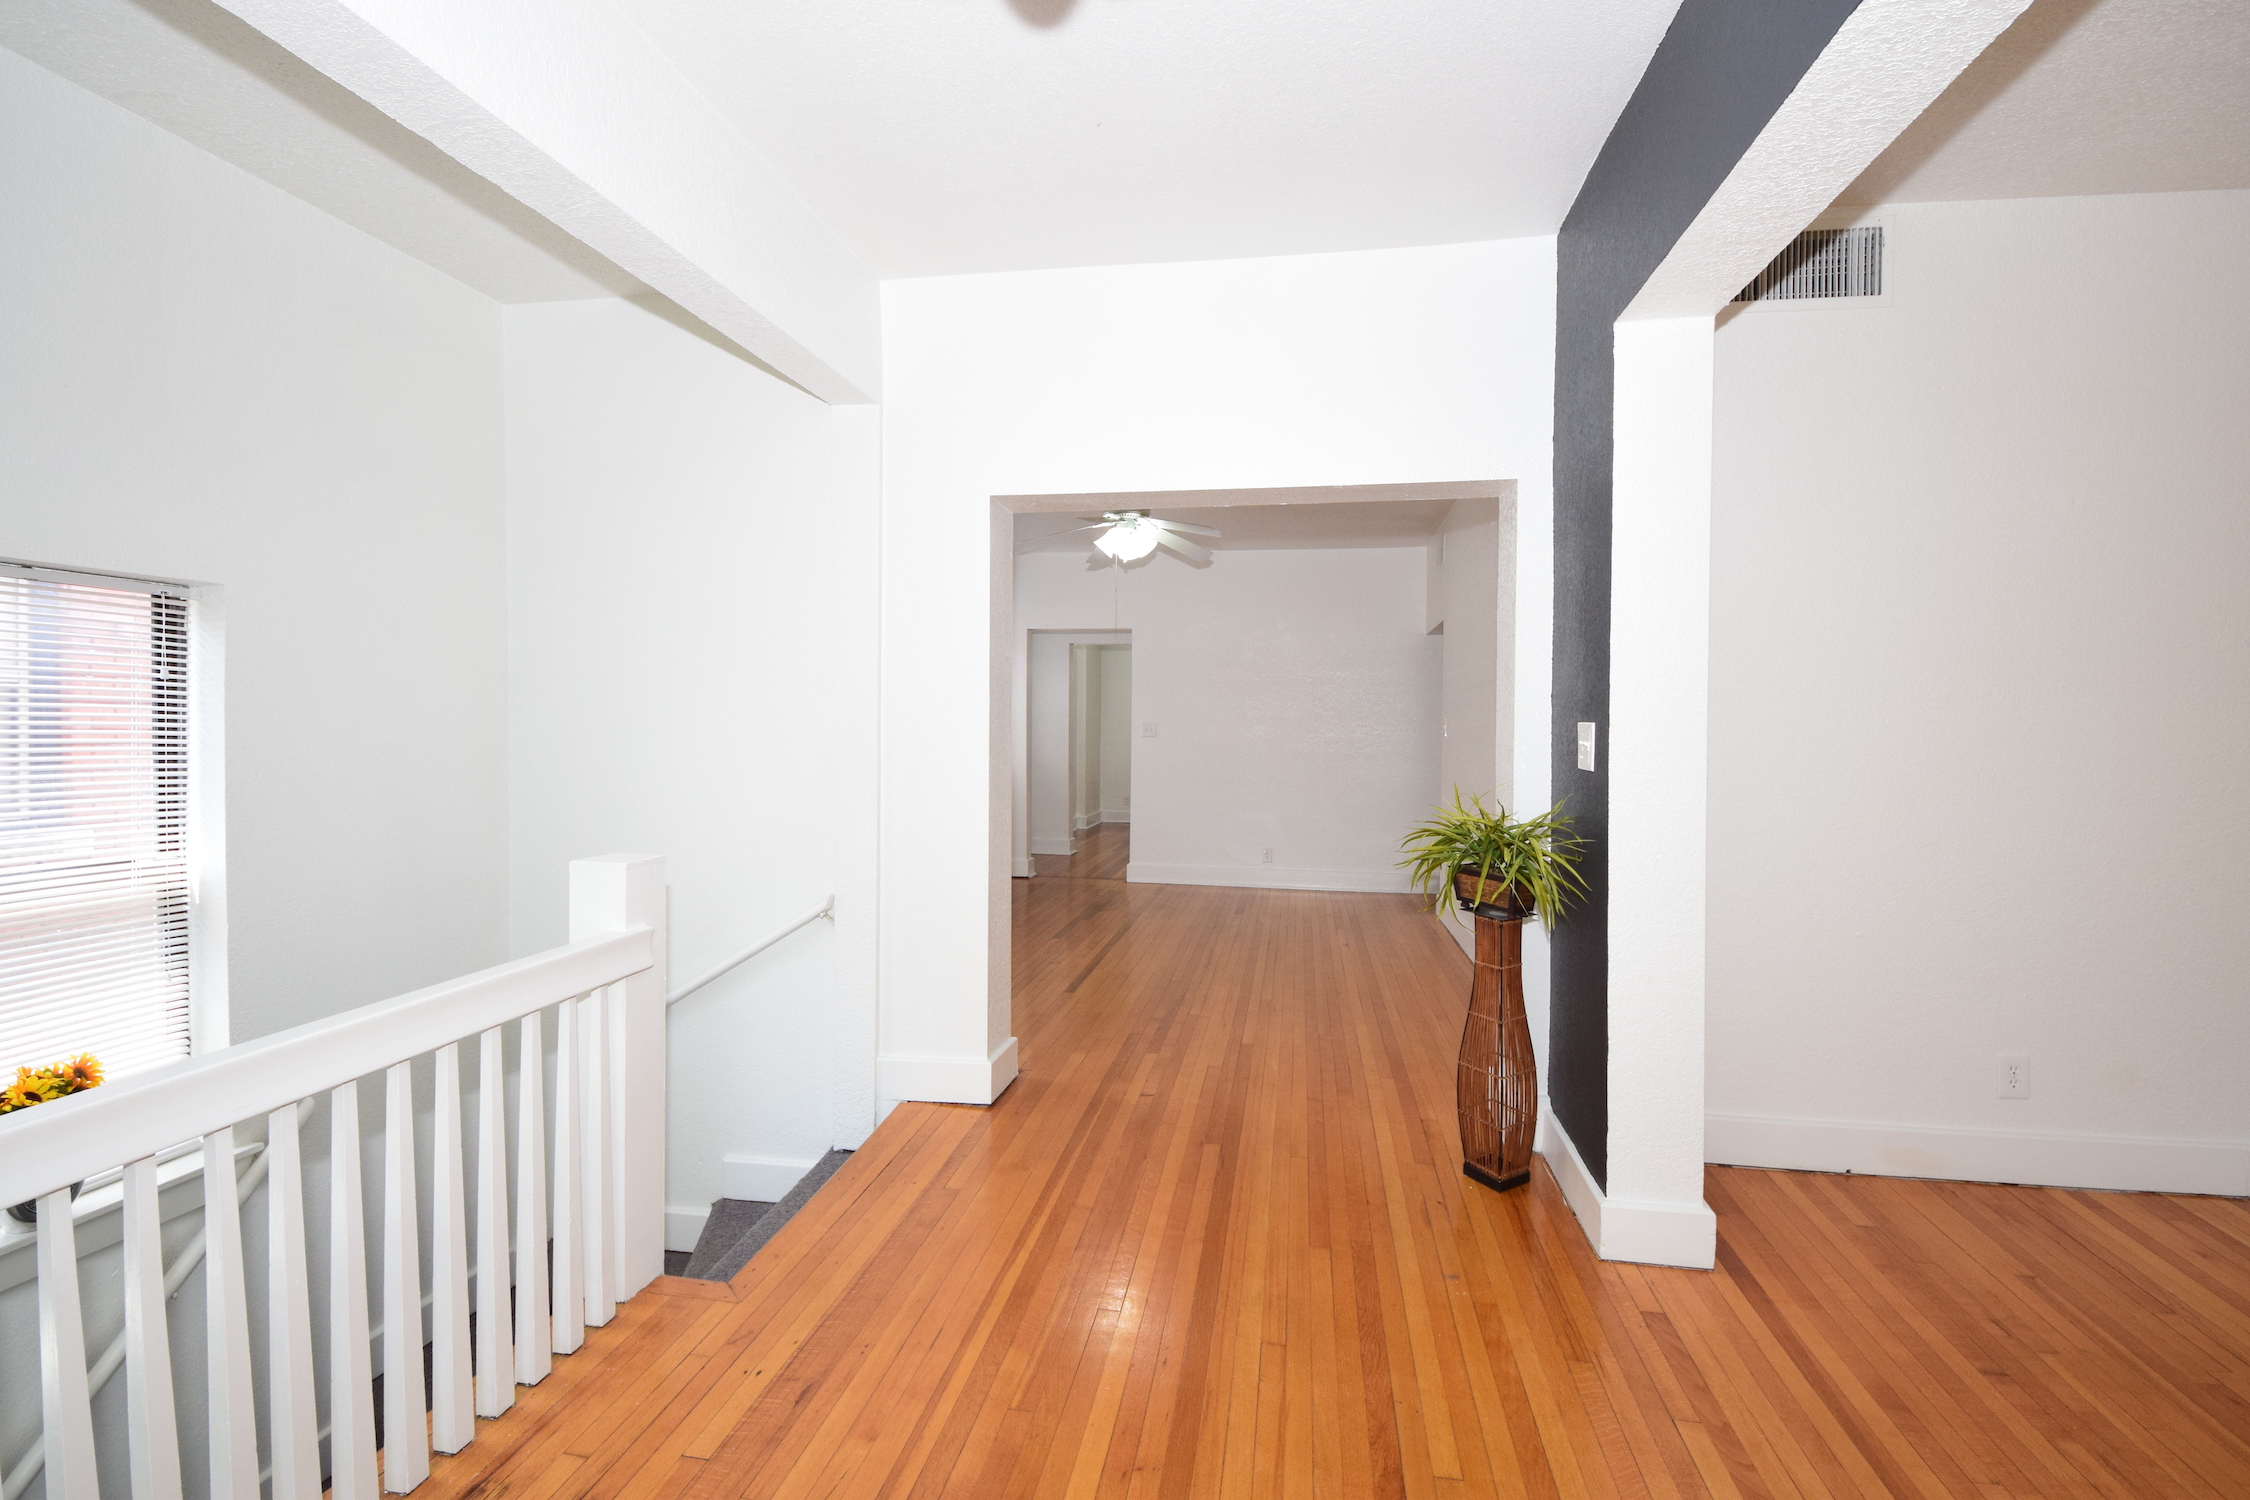 Foyer 7.5' x 14.3'
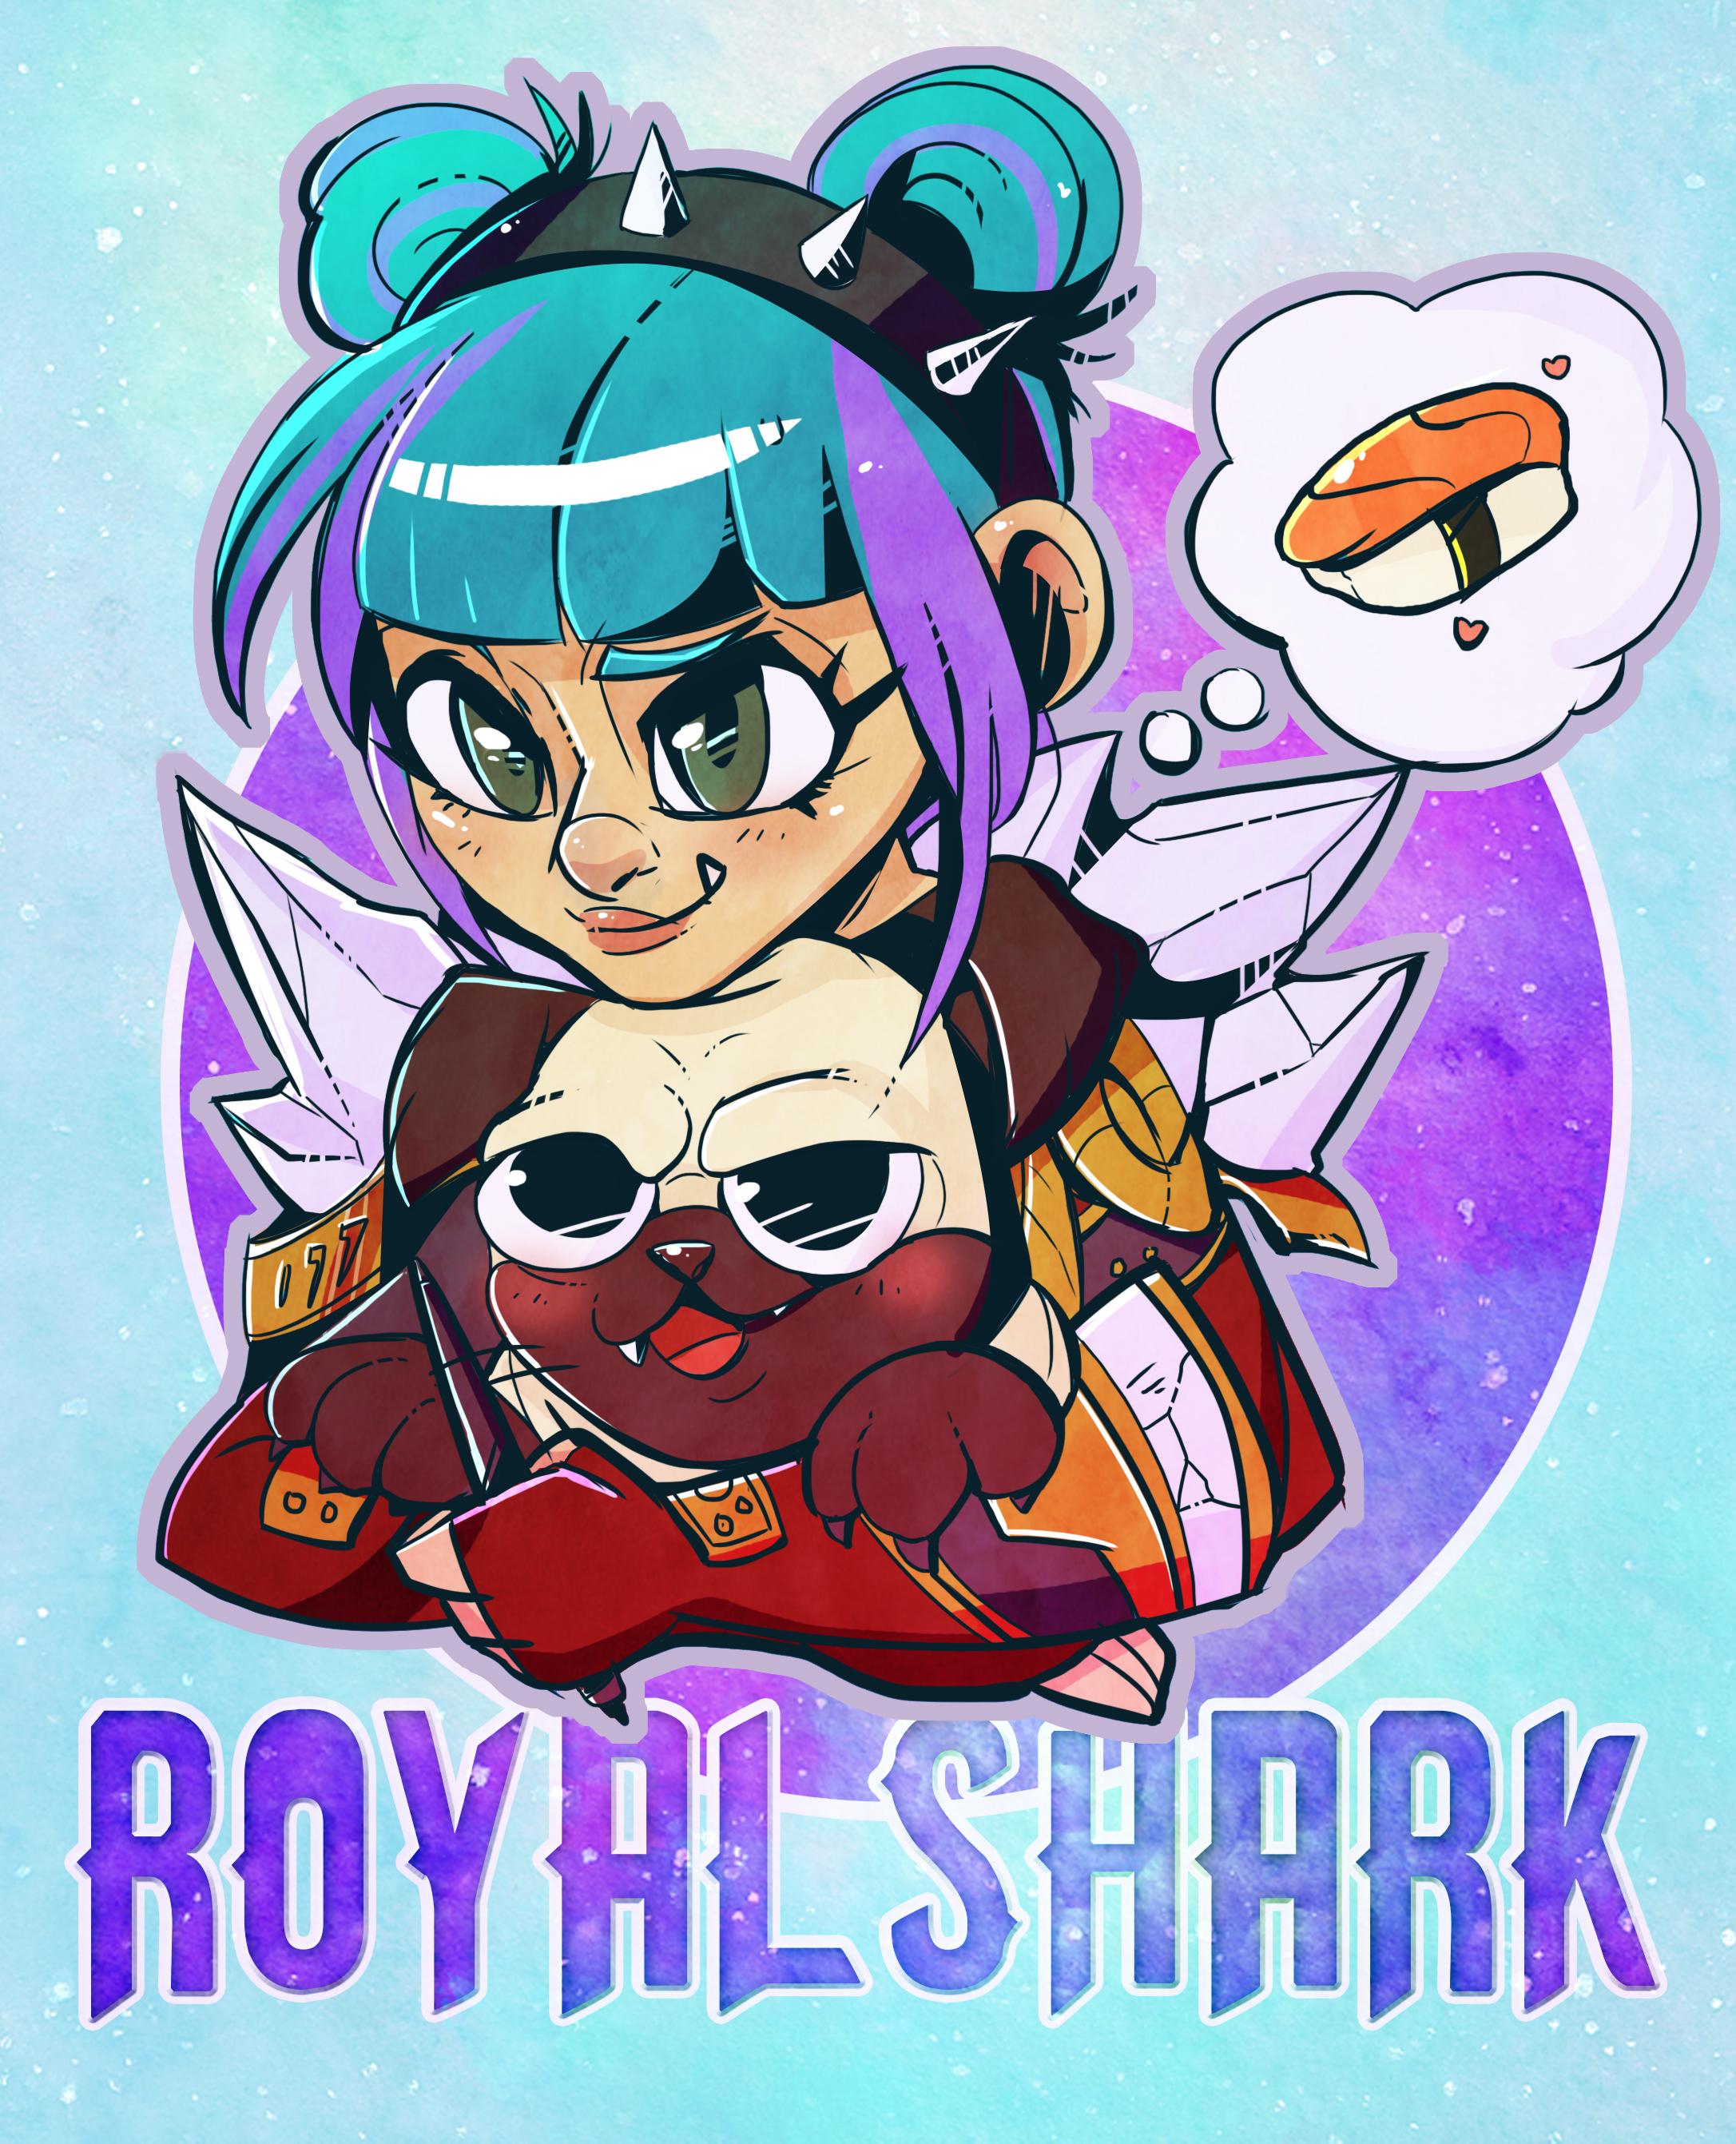 Royal Shark by royalshark
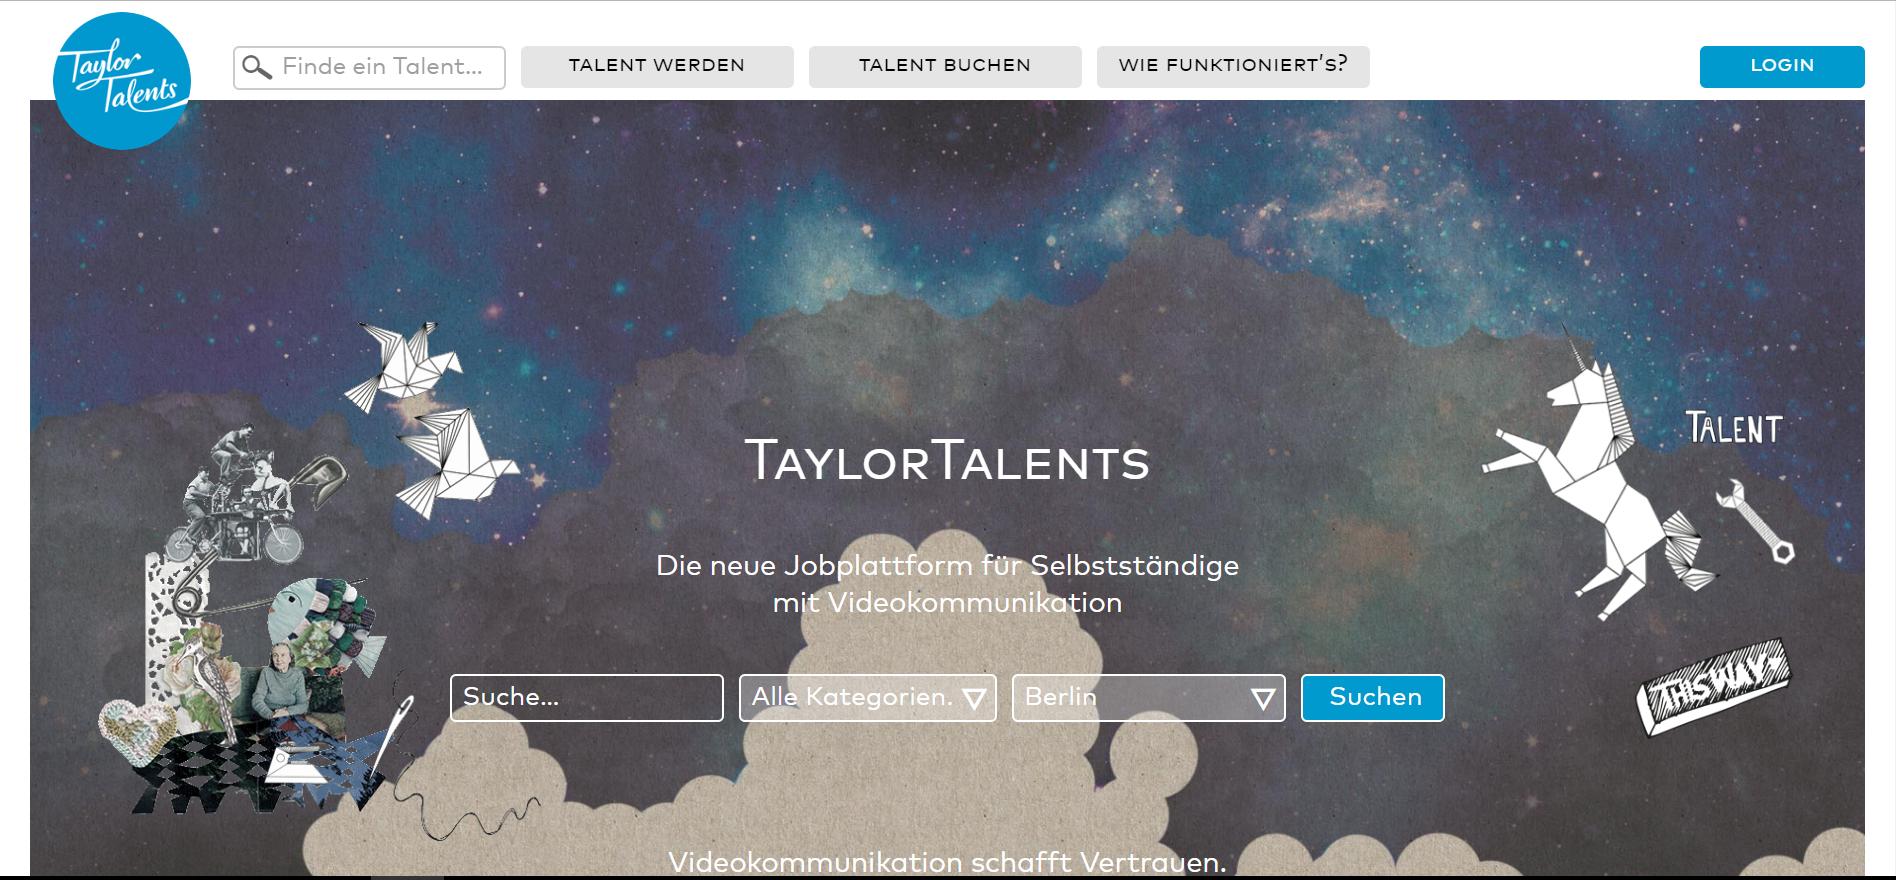 Taylor Talents

___

#### [What the exercise asks]
Your task is to reproduce all of the material exactly. The pictures stay out.

#### [Written answer]
 Foyer 7.5' x 14.3'
 Royal Shark by royalshark
 Taylor Talents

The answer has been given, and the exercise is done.